Challenges to division of subjects:

  • States complain that Centre has more and important subjects and there is asymmetry in division. Thus, it results in unitary bias. E.g. Raising loans from international market, Banking regulations etc., 
  • Centre uses certain subjects and responsibility as excuse and encroach upon state jurisdiction at times. E.g. imposition of president rule, deployment of Central armed forces etc., giving the reason of function of maintaining internal security.
  • Special provisions available to Centre to legislate on state subjects:
    • Article 249 – if the Rajyasabha passes resolution to give Centre power to legislate on state subjects. Centre can confer itself power if it has majority in Rajyasabha. E.g. passing of POTA, TADA etc., in spite of several state’s opposition.
    • Article 253 allowing the Centre to legislate on subjects affecting international relations. E.g. Centre passing environmental laws.
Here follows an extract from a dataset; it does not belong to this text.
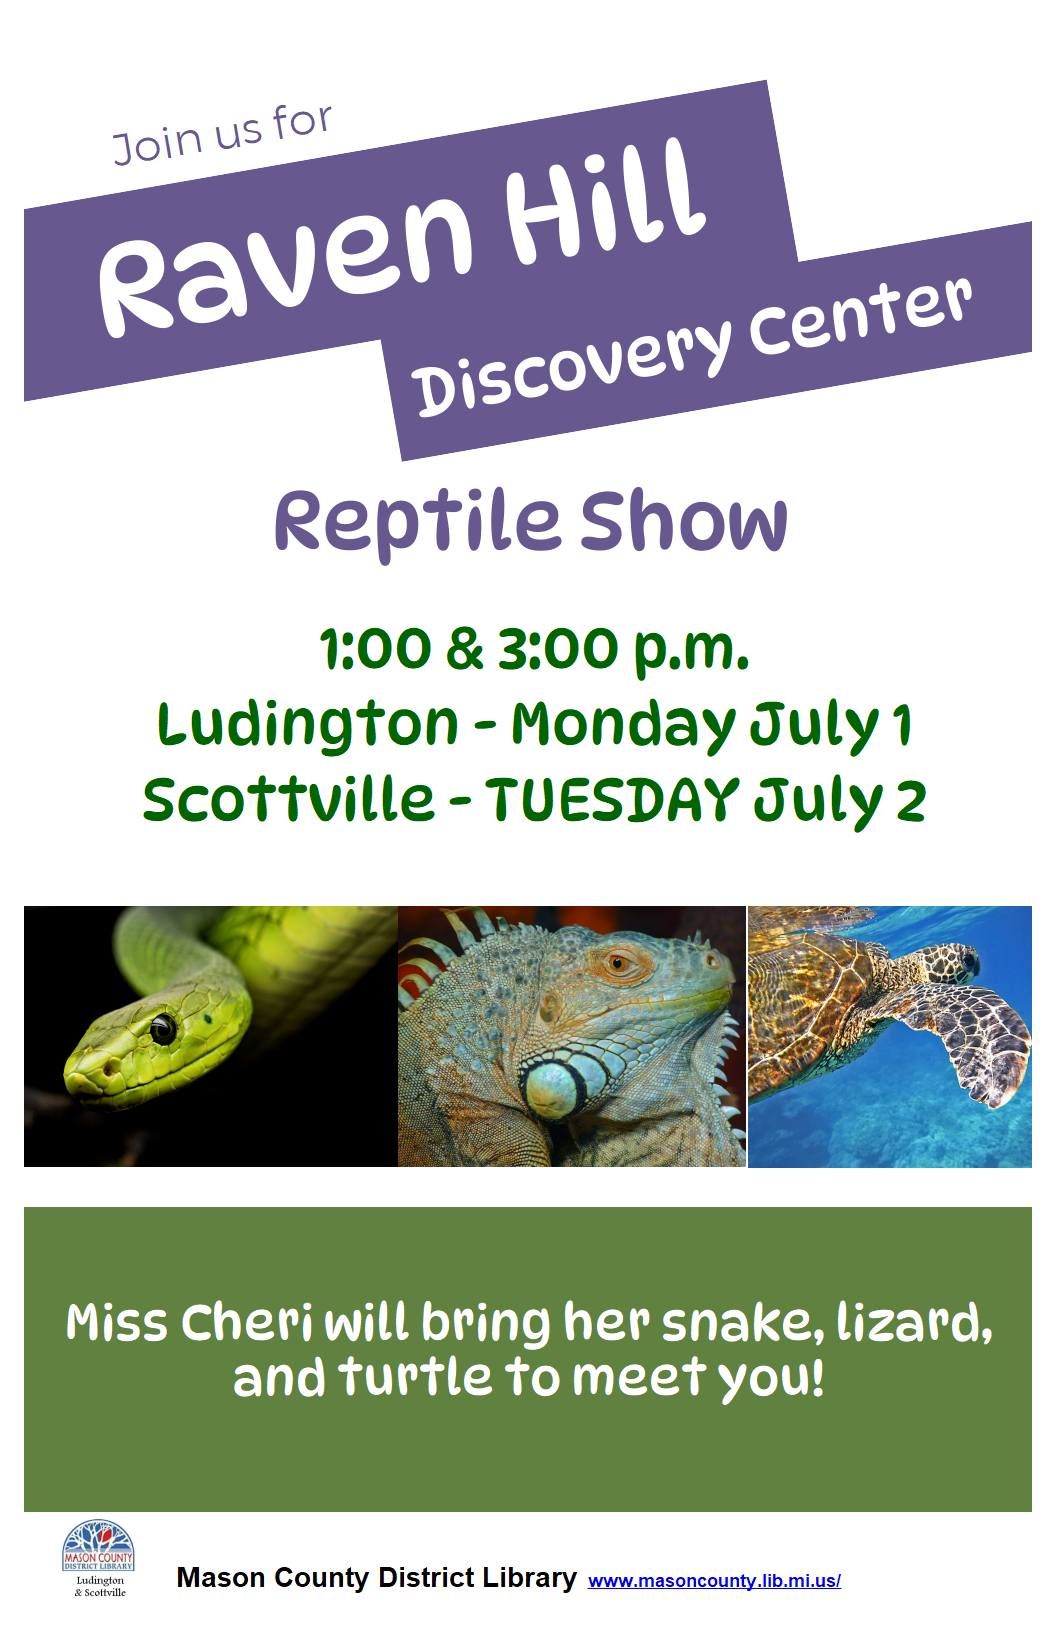 Reptile Show in Ludington, 1 p.m. & 3 p.m.

  • Composition variation: States allege that the union and concurrent list has grown over the years at the cost of state list. A majority government at the Centre helps in this. E.g. 42nd constitutional amendment transferring 5 subjects from state to concurrent list. 
  • Emergency provisions and president rule under article 356: results in dilution of the separation of subjects and gives the Centre over-riding powers.
  • Colorable legislation: allegations on Centre to encroach upon the state jurisdiction finding the loopholes. E.g. the recent Jammu Kashmir reorganization bill was passed under president rule.
  • Lack of Centre’s consultation on legislating on the concurrent list subjects. Punchhi commission recommended that the Centre to consult states on the same.
  • Residuary power of parliament: under article 248 gives the Centre to legislate on subjects not mentioned in the list. The difficulty in bringing constitutional amendment to update the 7th schedule (as it requires constitutional amendment – special majority with 50% state approval), the new dynamics are not reflected. E.g. digital laws are made unilaterally by the Centre.
  • Dual responsibility: especially in subjects of concurrent list or subjects of overlapping jurisdiction results in dereliction/conflict of duty by both Centre and state. E.g. inter-state river flow, environment protection (declaration of economic sensitive zone in western ghats) etc., 
  • Reservation of state bills to president who enjoy absolute veto. E.g. the returning of 3 bills passed by Manipur state legislative assembly by president.


Alleging the bias in subject distribution, recently Telangana chief minister called for abolition of concurrent list which was even recommended by Rajammanar committee. Though, the list served has fairly served its purpose, some of the grievances of states are genuine. The centre has to implement recommendations of Puncchi commission om centre-state relations like flexibility on concurrent subjects, updating the list periodically etc., to address the issue.